February was certainly an interesting for the videogame world, to say the least: titles like Crysis 3 and the more cerebral Ni No Kuni: Wrath of the White Witch were among the higher-profile releases of the month, and the release of Aliens: Colonial Marines disappointed many fans of the franchise, who thought they were finally getting the Aliens game they had always wanted. It was a month of ups and downs, to be sure, and March only had more in store.
The first big name in the hat was the much-anticipated reboot of Tomb Raider, brought to us by Crystal Dynamics (who have now been the guardians of the TR name for longer than Core, the original creators of the series). Lara Croft has certainly changed for this latest instalment; in the game the player experiences her origin story, and watches her develop from a scared young girl into a resourceful, dynamic survivor. The classic ‘shipwreck’ story trope looks to be used to great effect, and it’s up to the player to guide her through the adventure. The graphics look very nice, and it’s certainly a fresh take on the series since the more conservative games in the series like Legend and Underworld.
The two big ‘- of War’ franchises made their presence felt last month, appealing to gamers with a penchant for ultraviolence. God of War: Ascension has been making a stir, with demos showing off this latest instalment’s amazing graphics, as well as the promise of multiplayer. The developers, SCE Santa Monica, say they have tweaked the multiplayer part of the game to encourage players to choose a variety of different characters (as opposed to everyone just choosing Kratos). Co-operative play looks to be a major part of the experience, with joint attacks playing an important role in the team’s success. The developers have also promised a single player campaign, staying true to the appeal of the original titles.

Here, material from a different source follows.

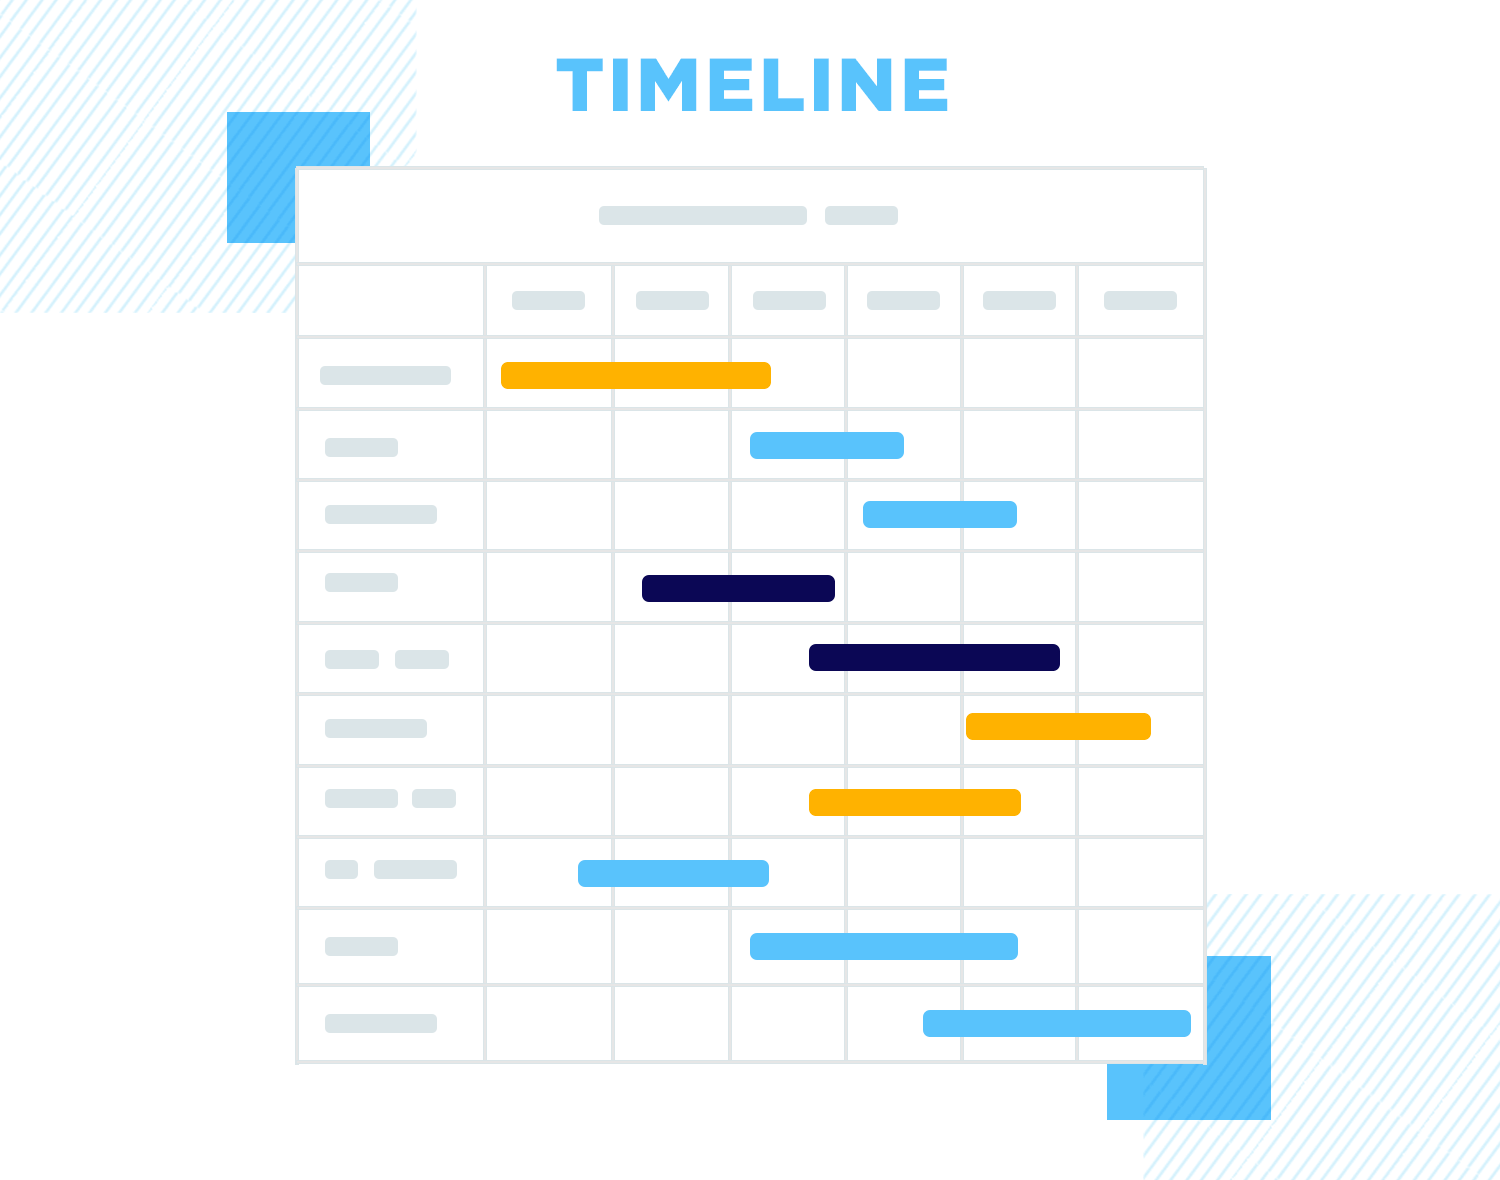 Functional specification documents - timeline roadmap using Gantt chart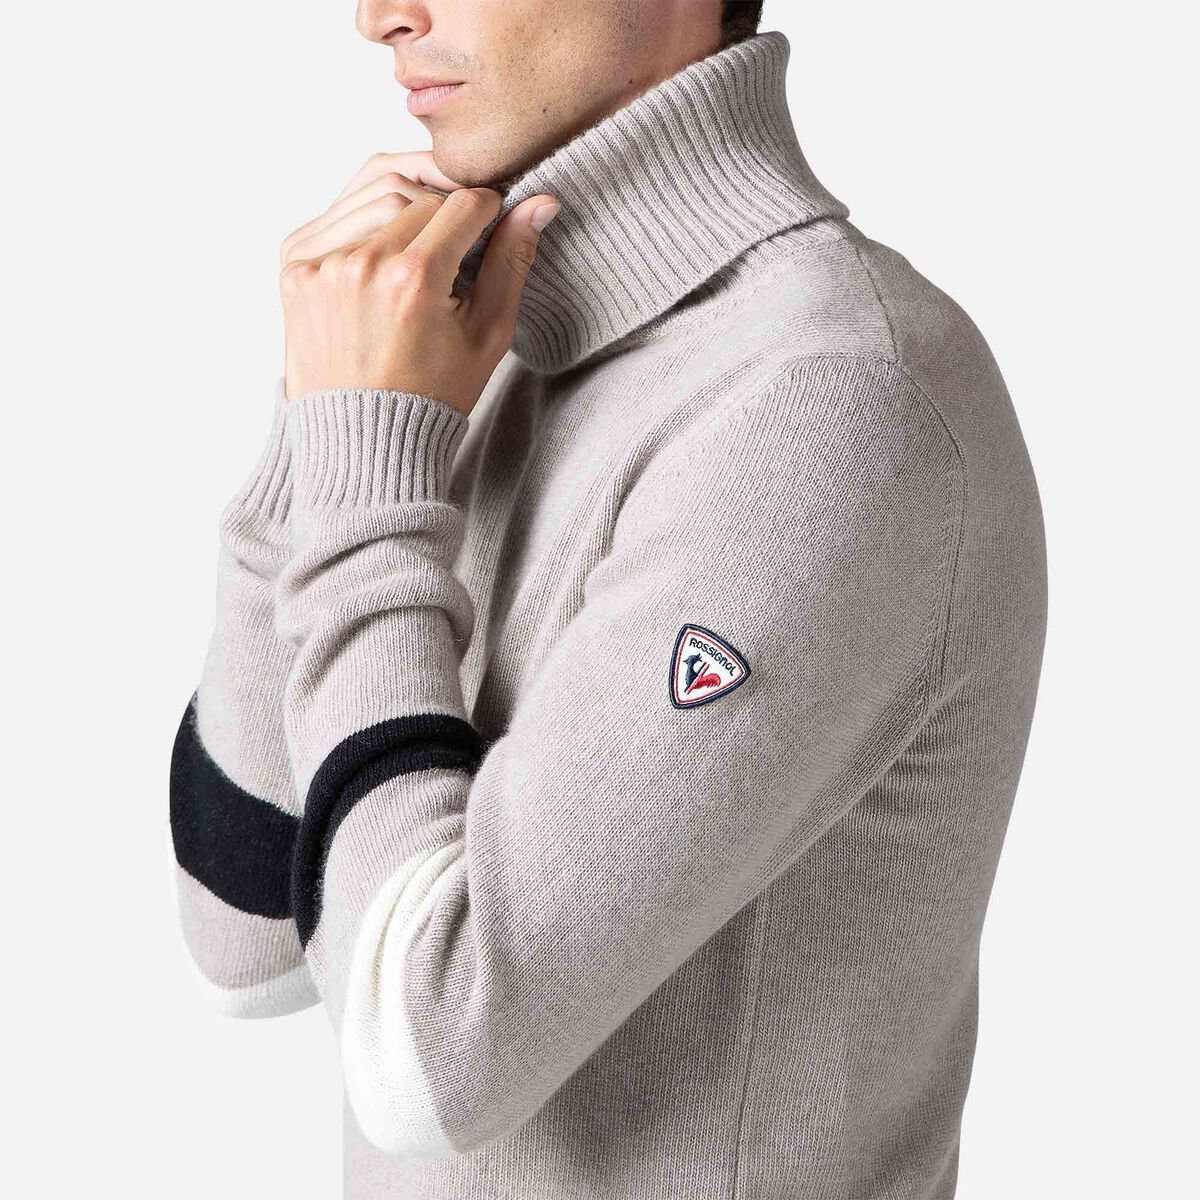 Rossignol Men's Signature Roll-Neck Sweater grey

Gears of War returned last month, too, with a new developer on board: People Can Fly (who you might remember from their acclaimed debut title, Painkiller, and the later Bulletstorm). Fans of Marcus Fenix and Co. will enjoy the newest release, subtitled Judgment, which boasts new weapons and multiplayer game modes like OverRun and Free-for-All to keep things fresh. Expect this one to be brooding and hectic in equal measure.
The most anticipated console release last month, though, must have been Bioshock: Infinite. It’s been six years since the critically-acclaimed first game, and fans have had only one (slightly disappointing) sequel to tide them over. But whereas Bioshock 2 returned to the underwater ruins of Rapture, Infinite takes place in a dazzling new setting; this time in the sky city of Columbia. The environments and characters all look stunning, and given the record of Ken Levine and Co. of incorporating deep philosophical themes into their games, expect there to be a lot of soul searching and questioning of moral principles in between bouts of shooting lightning from your hands.
If you’re the kind of person who eschews consoles and gets their gaming fix with the best desktop computer (by a trusted manufacturer like Lenovo or Dell) and full mouse/keyboard controls, don’t despair, because March had a very special treat for you. This came in the form of Starcraft II: Heart of the Swarm, the next episode in Blizzard’s (so far) excellent Starcraft II trilogy. With seven new multiplayer units, as well as various other tweaks like changes to the abilities of certain units and buildings, Blizzard have been working hard to ensure that Starcraft‘s famously balanced gameplay has been maintained for the latest entry. And with 20 missions added for the single player campaign, which follows on from Wings of Liberty, HOTS is looking to be more than a simple expansion pack.
Honourable mentions go to some of the less high-profile releases of the month, such as the new Castlevania game on 3DS, Lords of Shadow: Mirror of Fate, which should please handheld gamers, and the new Sly Cooper on PS3 for younger gamers.